Russia Fines Google With Record $100 Million For Allowing Banned Content

By Tyler Durden,

Russia has dramatically escalated its long-running battle with Google after repeatedly accusing it and other major US-based internet platforms of ignoring Russian laws on obscenity as well as propaganda, with on Friday a Moscow court slapping an unprecedented fine of almost $100 million on Google.

The content under dispute which state media regulator Roskomnadzor has demanded the removal of includes pornographic material, as well as posts that reportedly promote drugs and suicide. Crucially the regulator and Kremlin officials have long charged Google with promoting politically subversive messaging with the intent to stir up protests in support of jailed dissident Alexei Navalny.

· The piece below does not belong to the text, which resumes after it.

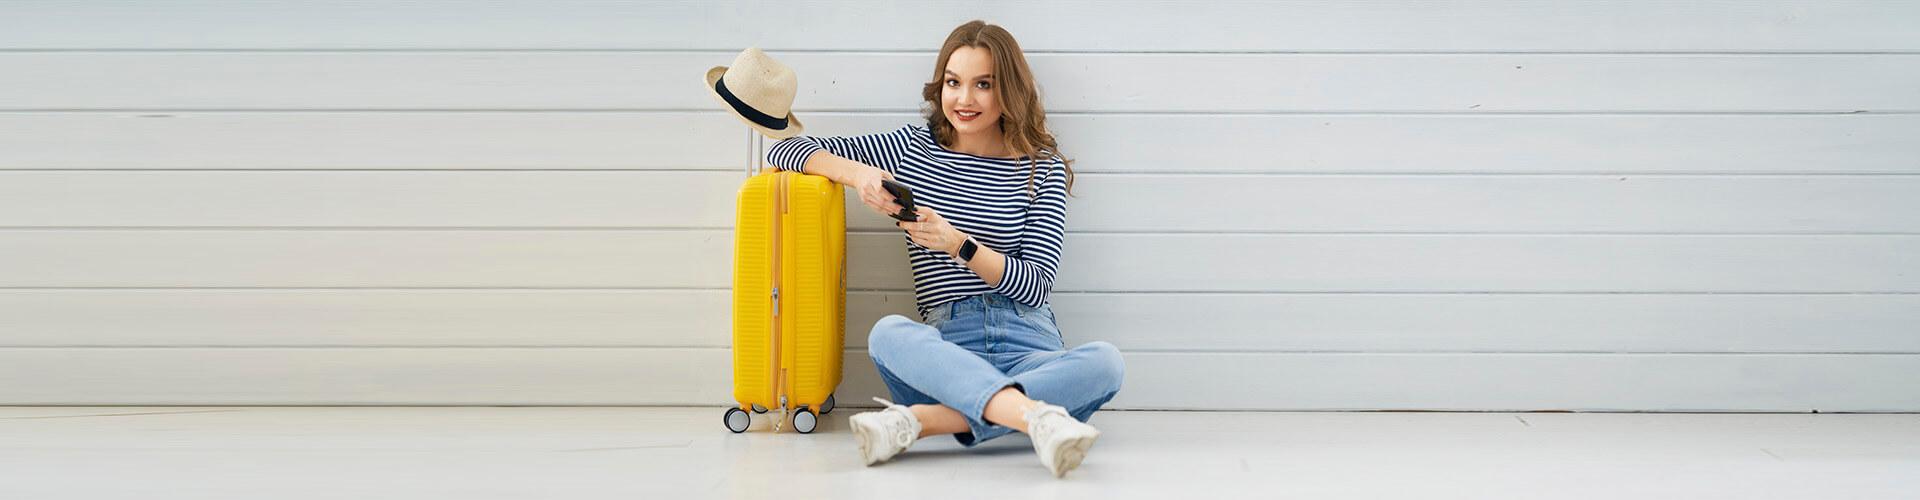 Segur d'Assistència en Viatge - Dona jove asseguda en el sòl amb el mòbil a la mà, al costat de la seua maleta i un barret preparant un viatge

Pro-Navalny protests groups were previously banned as “extremist” earlier in the year.

Essentially Russia has accused Silicon Valley-based internet companies of allowing themselves to be used as a hidden hand of US foreign policy inside Russia, also promoting controversial content like transgenderism among Russia’s youth – which is also outlawed under recent legislation related to ‘propagandizing’ minors with sexually explicit and corrupting material.

While there’s been prior instances of US social media companies being fined a handful of millions over the dispute before, this fine of 7.2 billion rubles, (or $98 million) is record-setting and clearly meant to send a resounding message and warning, but still a slap on the wrist compared to the total estimated $1.1 billion Google Russia earned in 2020.

Commenting on how the court arrived at this high figure, The Moscow Times notes that the Moscow magistrate’s court did so “under a legal clause that allows courts to impose between 5% and 10% of a company’s turnover, according to the state-run RIA Novosti news agency.”

So far Google has said little, only telling AFP that “We’ll study the court documents and then decide on next steps,” according to its press office.

Meanwhile, Facebook and Twitter have so far faced symbolic fines over similar charges of failing to remove content. “Meta — which has a hearing in court later today on the same charges — has also been threatened with a revenue-based fine,” AFP writes. “On Thursday, Twitter was handed its latest fine of three million rubles ($40,000) after authorities started throttling its services in the spring.”

On the question of whether  Kremlin state authorities would ever go so far as to block these platforms, it’s seen as highly unlikely and nearly impossible given the immense popularity among the Russian public, which many fear would result in massive backlash.